Any apps that rely on the existing behaviour are probably broken.  If an app
wants to call xfs_bulkstat_single() it should use XFS_IOC_FSBULKSTAT_SINGLE.

Alex Elder reported he has a test program that exploited this bug to compare
the results of xfs_bulkstat_one (does an iget) with the results of an
xfs_bulkstat (copying the inode from the cluster).  That should be easy to fix.

Other than that it doesn't make sense for an app to use bulkstat to get one
inode at a time but if they do it will now work correctly.

> 
>> - in xfs_bulkstat(), need to initialise 'lastino' to the inode supplied so 
>> in cases
>>   were we return without examining any inodes the scan wont restart back at 
>>   zero.
> 
> Ok.
> 
>> - sanity check for valid *ubcountp values.  Cannot sanity check for valid 
>> ubuffer
>>   here because some users of xfs_bulkstat() don't supply a buffer.
> 
> Ok - the cases that supply a buffer are caught by the first checks you
> added, right?
> 
>> - checks against 'ubleft' (the space left in the user's buffer) should be 
>> against
>>   'statstruct_size' which is the supplied minimum object size.  The mixture 
>>   of
>>   checks against statstruct_size and 0 was one of the reasons we were 
>>   skipping
>>   inodes.
> 
> Can you wrap these checks in a static inline function so that it is obvious
> what the correct way to check is and we don't reintroduce this porblem? i.e.
> 
> static inline int
> xfs_bulkstat_ubuffer_large_enough(ssize_t space)
> {
> 	return (space > sizeof(struct blah));
> }
> 
> That will also remove a stack variable....

That won't work - statstruct_size is passed into xfs_bulkstat() so we don't
know what 'blah' is.  Maybe a macro would be easier.
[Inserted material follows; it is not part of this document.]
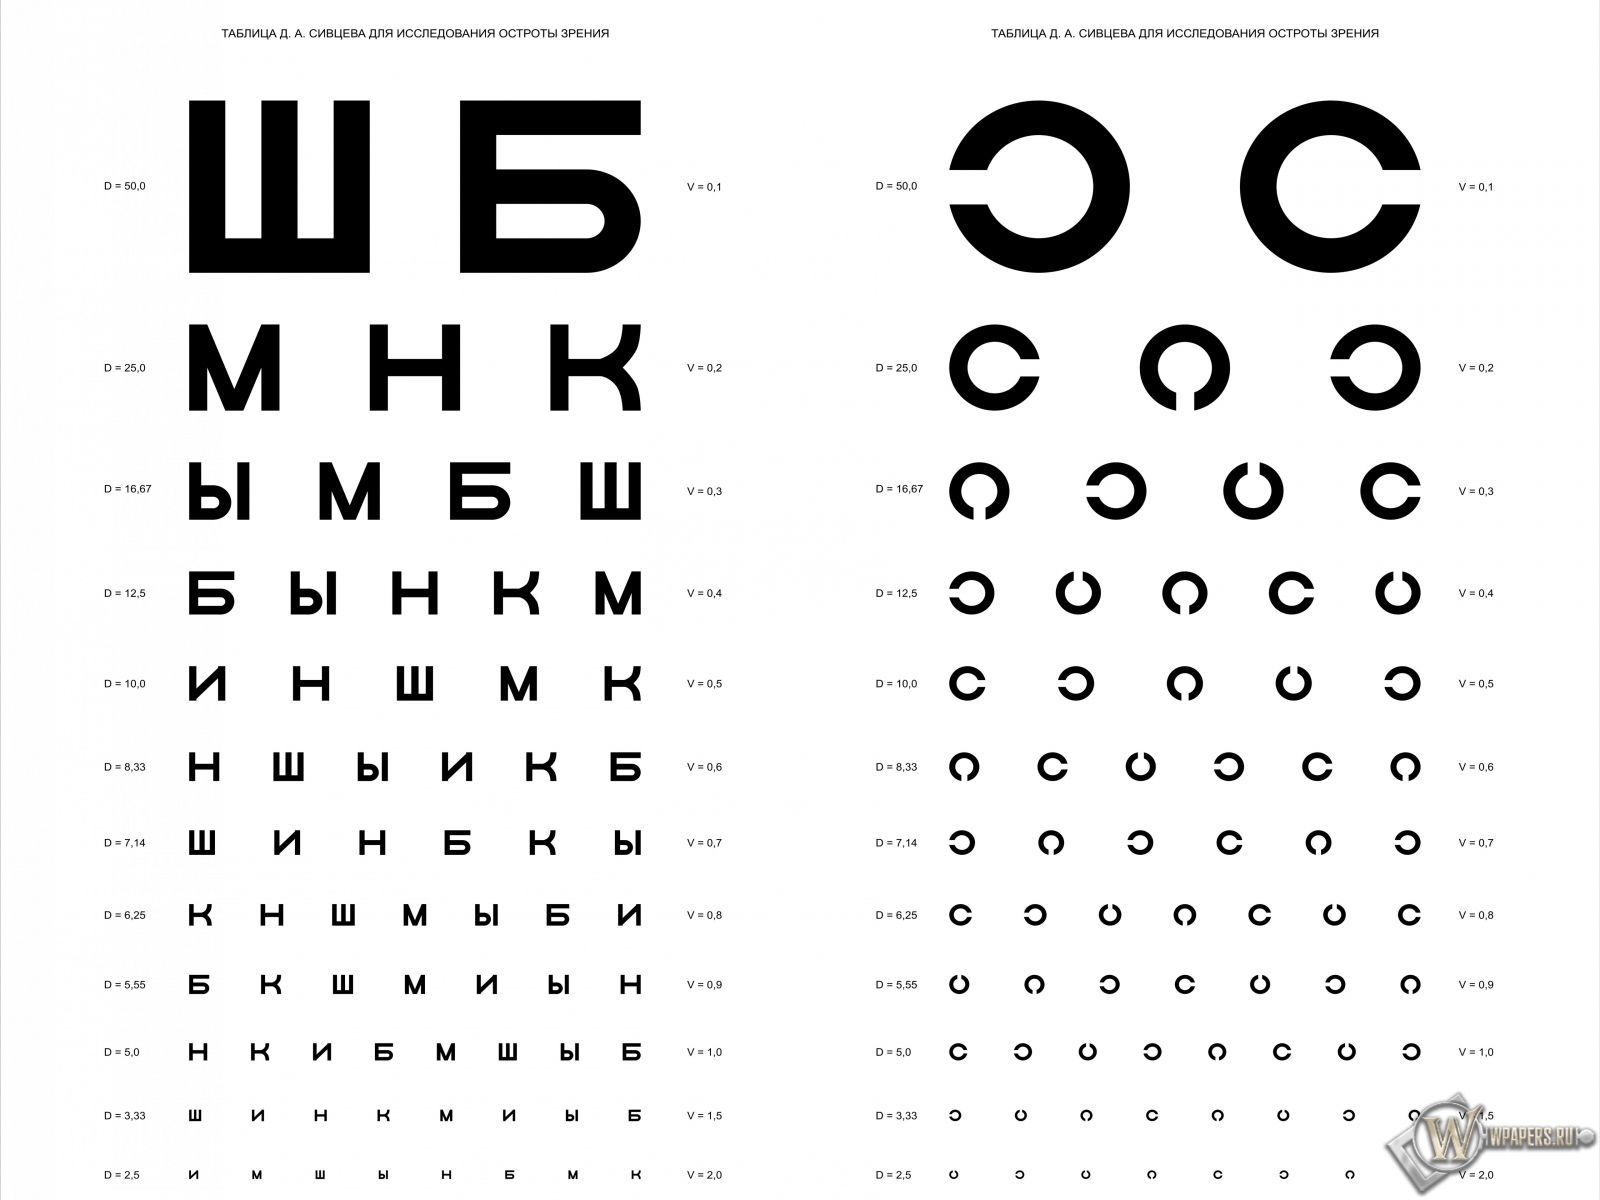 Таблица Д.А. Сивцева для проверки зрения 1600x1200

#define XFS_BULKSTAT_UBLEFT	(ubleft >= statstruct_size)

> 
>> - if the formatter function returns BULKSTAT_RV_NOTHING and an error and 
>> the error
>>   is not ENOENT or EINVAL then we need to abort the scan.  ENOENT is for 
>>   inodes that
>>   are no longer valid and we just skip them.  EINVAL is returned if we try 
>>   to lookup
>>   an internal inode so we skip them too.  For a DMF scan if the inode and 
>>   DMF
>>   attribute cannot fit into the space left in the user's buffer it would 
>>   return
>>   ERANGE.  We didn't handle this error and skipped the inode.  We would 
>>   continue to
>>   skip inodes until one fitted into the user's buffer or we completed the 
>>   scan.
> 
> ok.
> 
>> - put back the recalculation of agino (that got removed with the last fix) 
>> at the
>>   end of the while loop.  This is because the code at the start of the loop 
>>   expects
>>   agino to be the last inode examined if it is non-zero.
> 
> ok.
> 
>> - if we found some inodes but then encountered an error, return success 
>> this time
>>   and the error next time.  If the formatter aborted with ENOMEM we will 
>>   now return
>>   this error but only if we couldn't read any inodes.  Previously if we 
>>   encountered
>>   ENOMEM without reading any inodes we returned a zero count and no error 
>>   which
>>   falsely indicated the scan was complete.
> 
> ok.
> 
> FWIW - missing from this set of patches - cpu_relax() in the loops. In the case
> where no I/O is required to do the scan, we can hold the cpu for a long time
> and that will hold off I/O completion, etc for the cpu bulkstat is running on.
> Hence after every cluster we scan we should cpu_relax() to allow other
> processes cpu time on that cpu.
> 

I don't get how cpu_relax() works.  I see that it is called at times with a
spinlock held so it wont trigger a context switch.  Does it give interrupts a
chance to run?

It appears to be used where a minor delay is needed - I don't think we have any
cases in xfs_bulkstat() where we need to wait for an event that isn't I/O.